On 26.09.23 14:05, Peter Maydell wrote:
On Mon, 25 Sept 2023 at 20:43, Vladimir Sementsov-Ogievskiy
<vsementsov@xxxxxxxxxxxxxx> wrote:
Coverity doesn't like when the value with unchecked bounds that comes
from fd is used as length for IO or allocation. And really, that's not
a good practice. Let's introduce at least an empirical limits for these
values.
Signed-off-by: Vladimir Sementsov-Ogievskiy <vsementsov@xxxxxxxxxxxxxx>
---
accel/kvm/kvm-all.c | 15 +++++++++++++++
1 file changed, 15 insertions(+)
diff --git a/accel/kvm/kvm-all.c b/accel/kvm/kvm-all.c
index ff1578bb32..6d0ba7d900 100644
--- a/accel/kvm/kvm-all.c
+++ b/accel/kvm/kvm-all.c
@@ -3988,6 +3988,9 @@ typedef struct StatsDescriptors {
static QTAILQ_HEAD(, StatsDescriptors) stats_descriptors =
QTAILQ_HEAD_INITIALIZER(stats_descriptors);
+
+#define KVM_STATS_QEMU_MAX_NAME_SIZE (1024 * 1024)
+#define KVM_STATS_QEMU_MAX_NUM_DESC (1024)
These seem arbitrary. Why these values in particular?
Does the kernel have any limitation on the values it passes us?
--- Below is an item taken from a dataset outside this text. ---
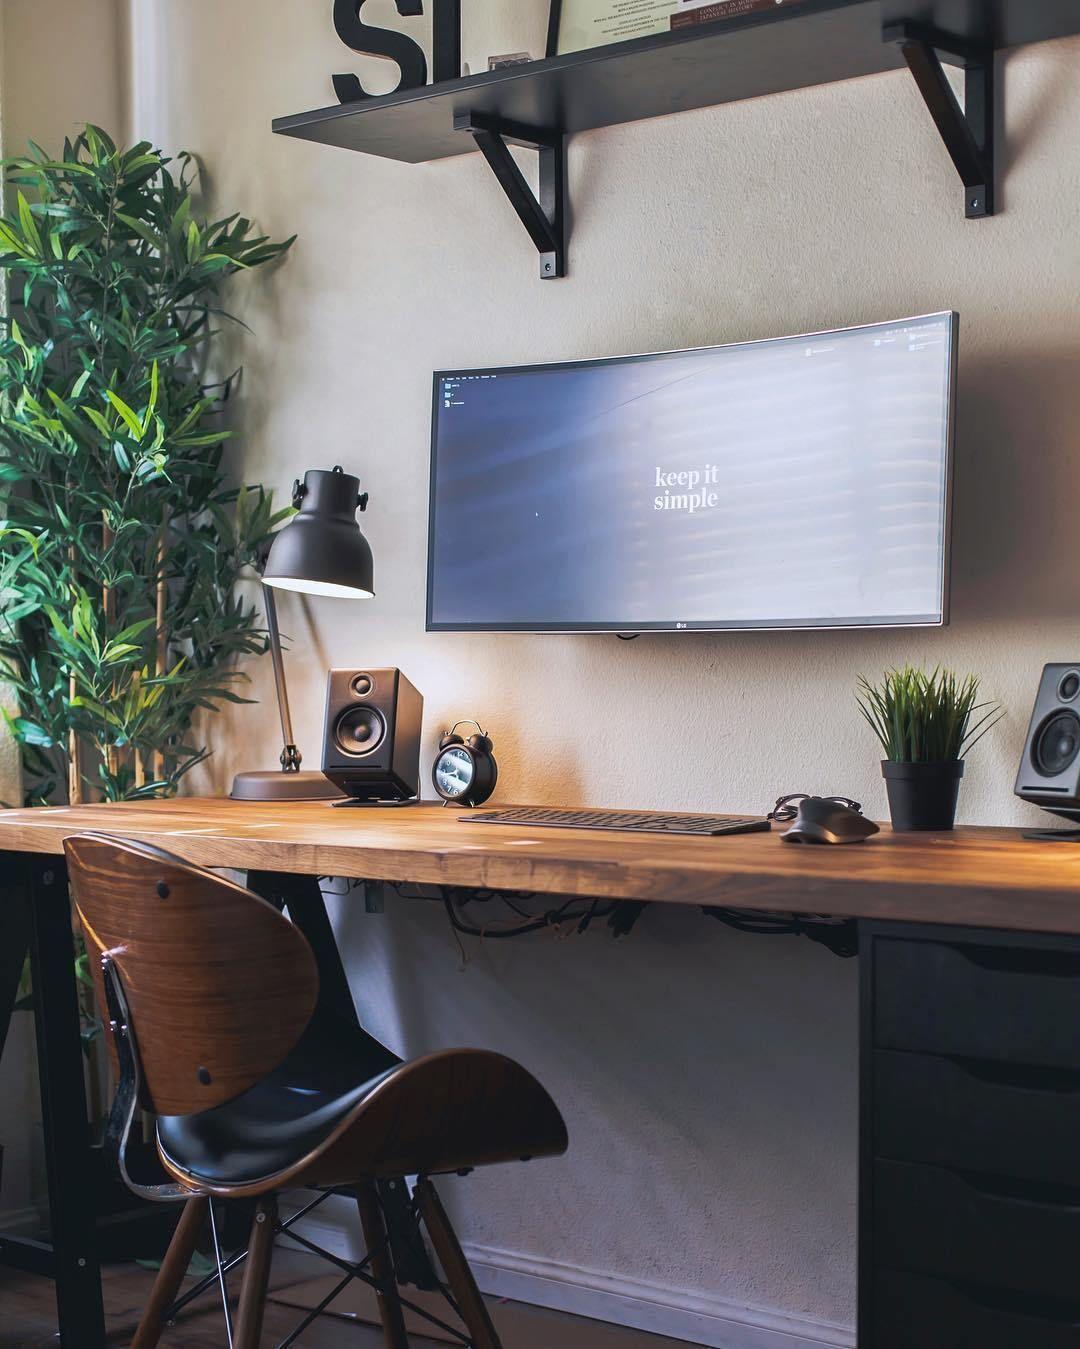 Interior Design Homeoffice: Minimal Setups LG Ultrawide Workspace With Docked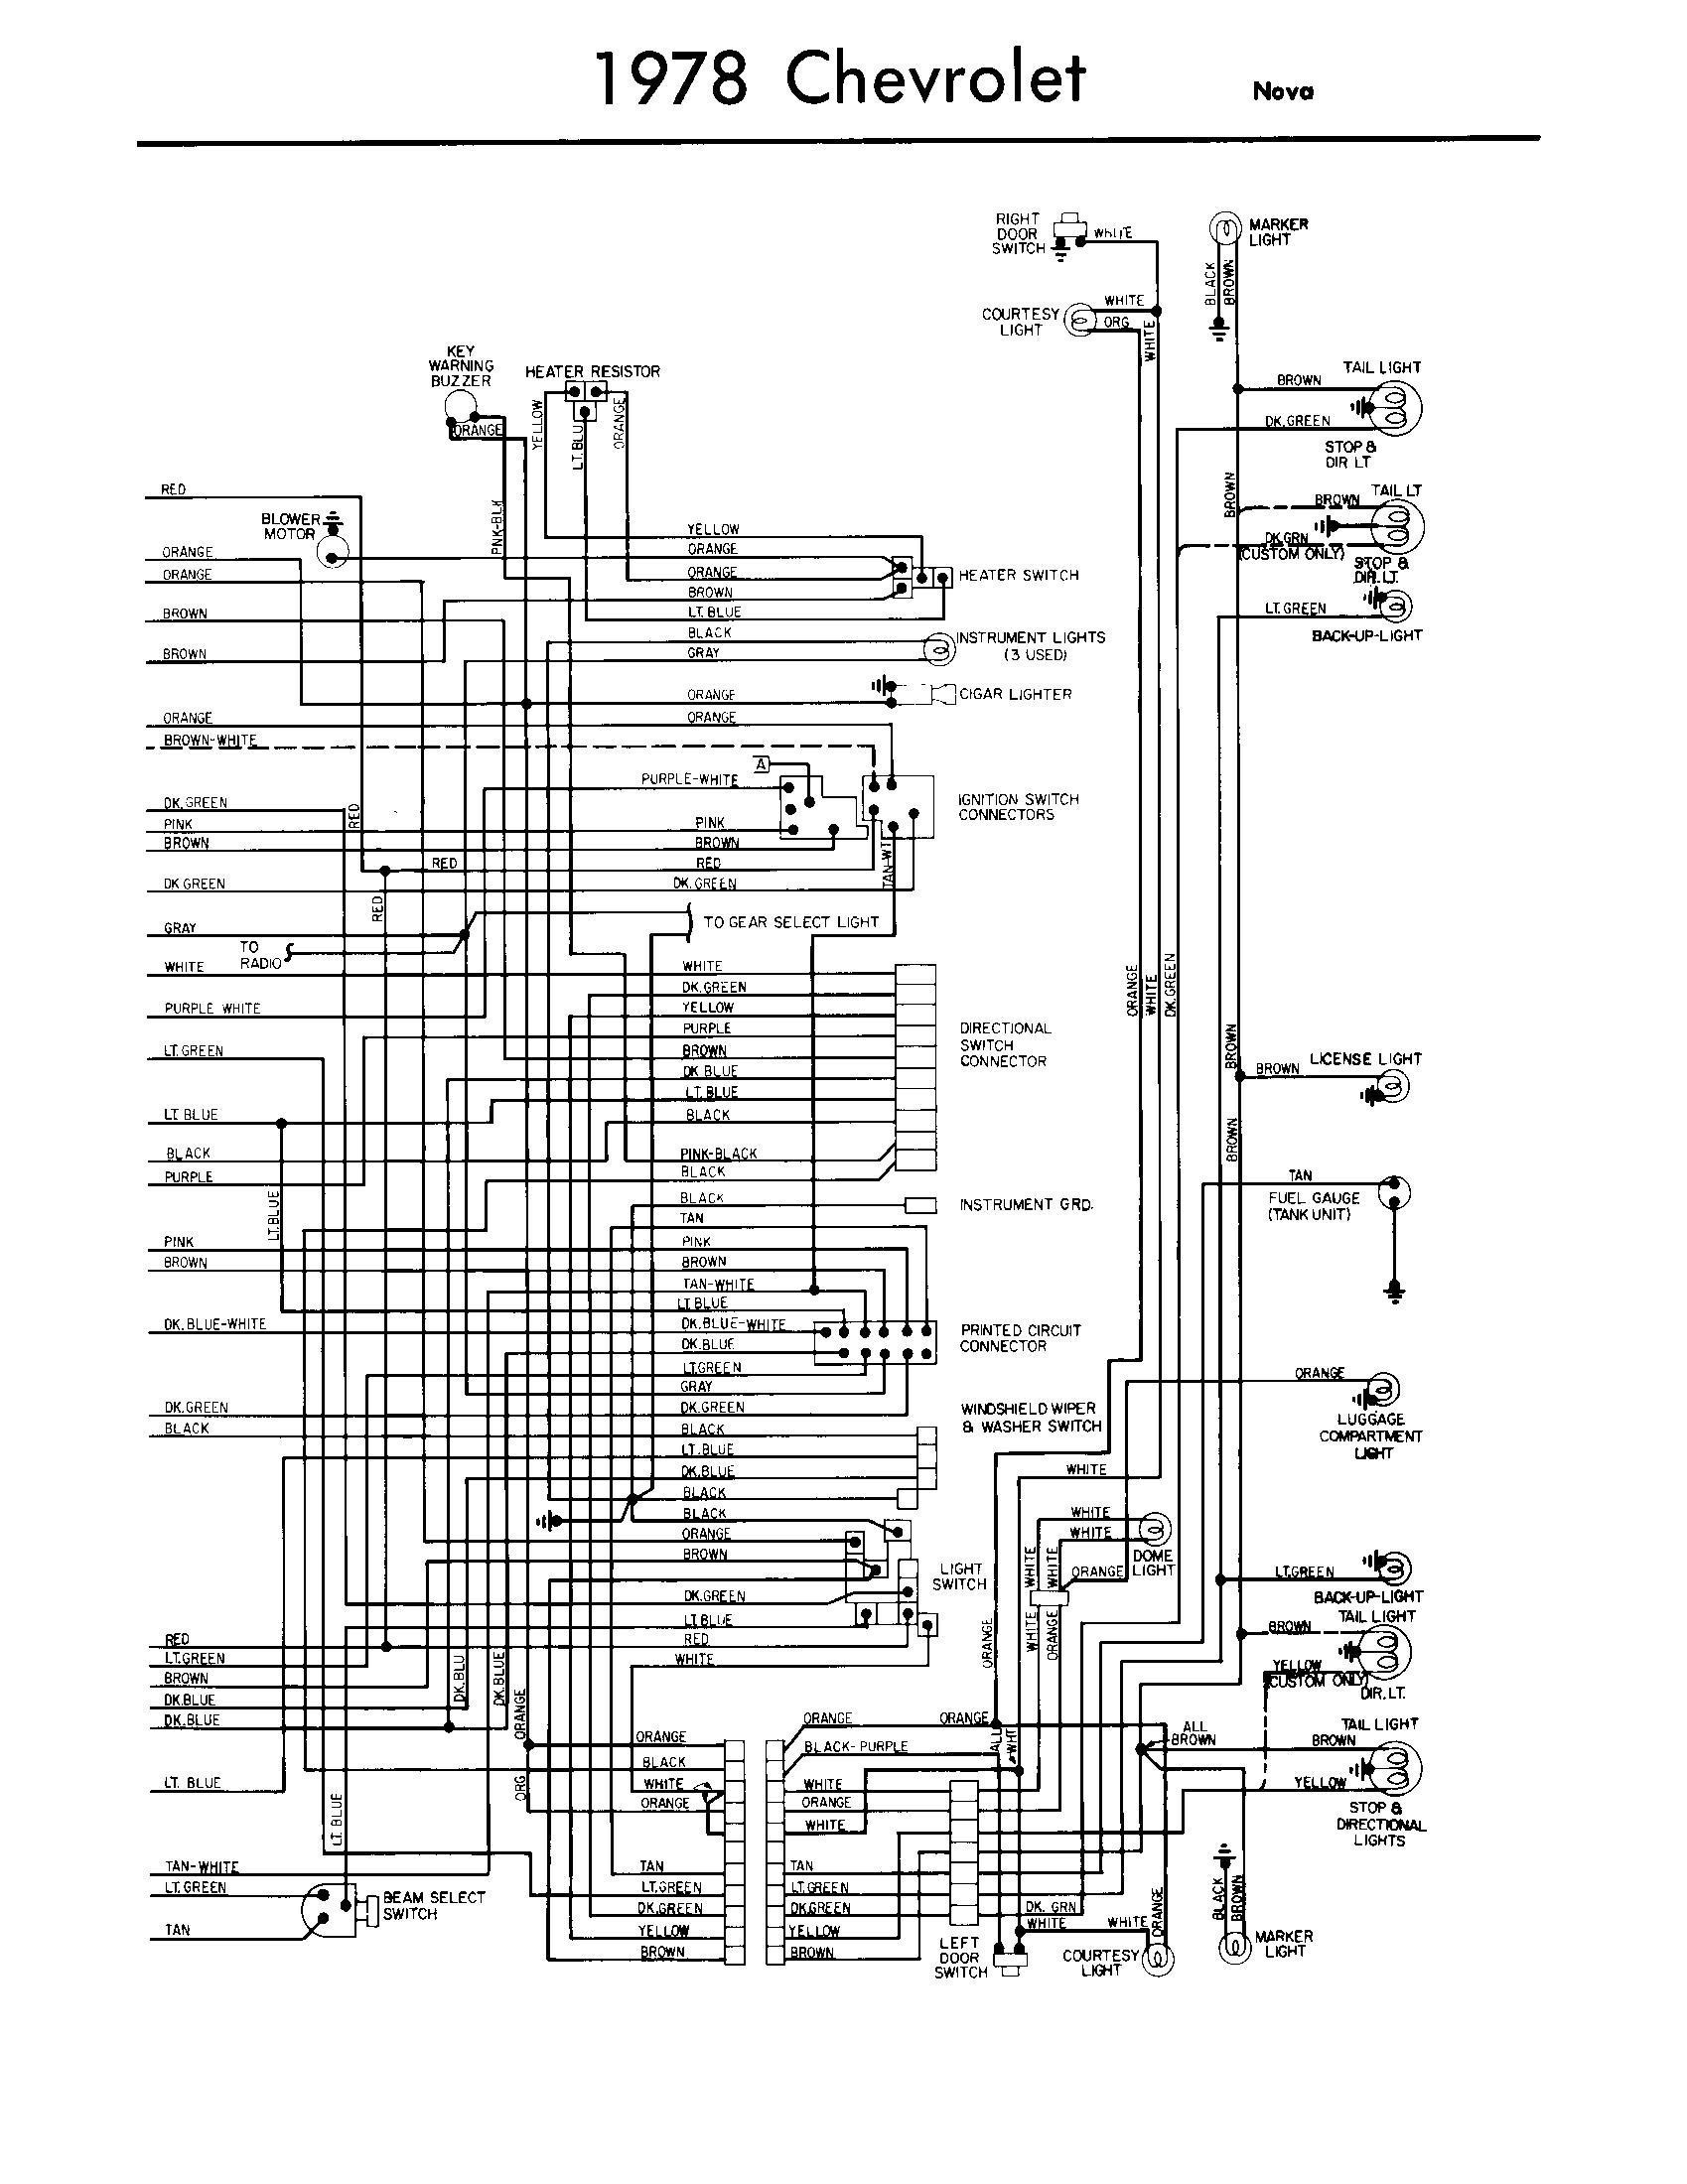 1969 Chevy Starter Wiring | Manual E-Books - Chevy Starter Wiring Diagram

Documentation doesn't say about limits
Do we have any particular limit on what we can handle?
Hmm. At least, we don't arithmetic operations with these values to overflow. But in this case g_malloc0_n should crash anyway.
So we may rely on g_malloc0_n as on assertion that the values are good enough and further doubts are false-positives. Will drop this patch.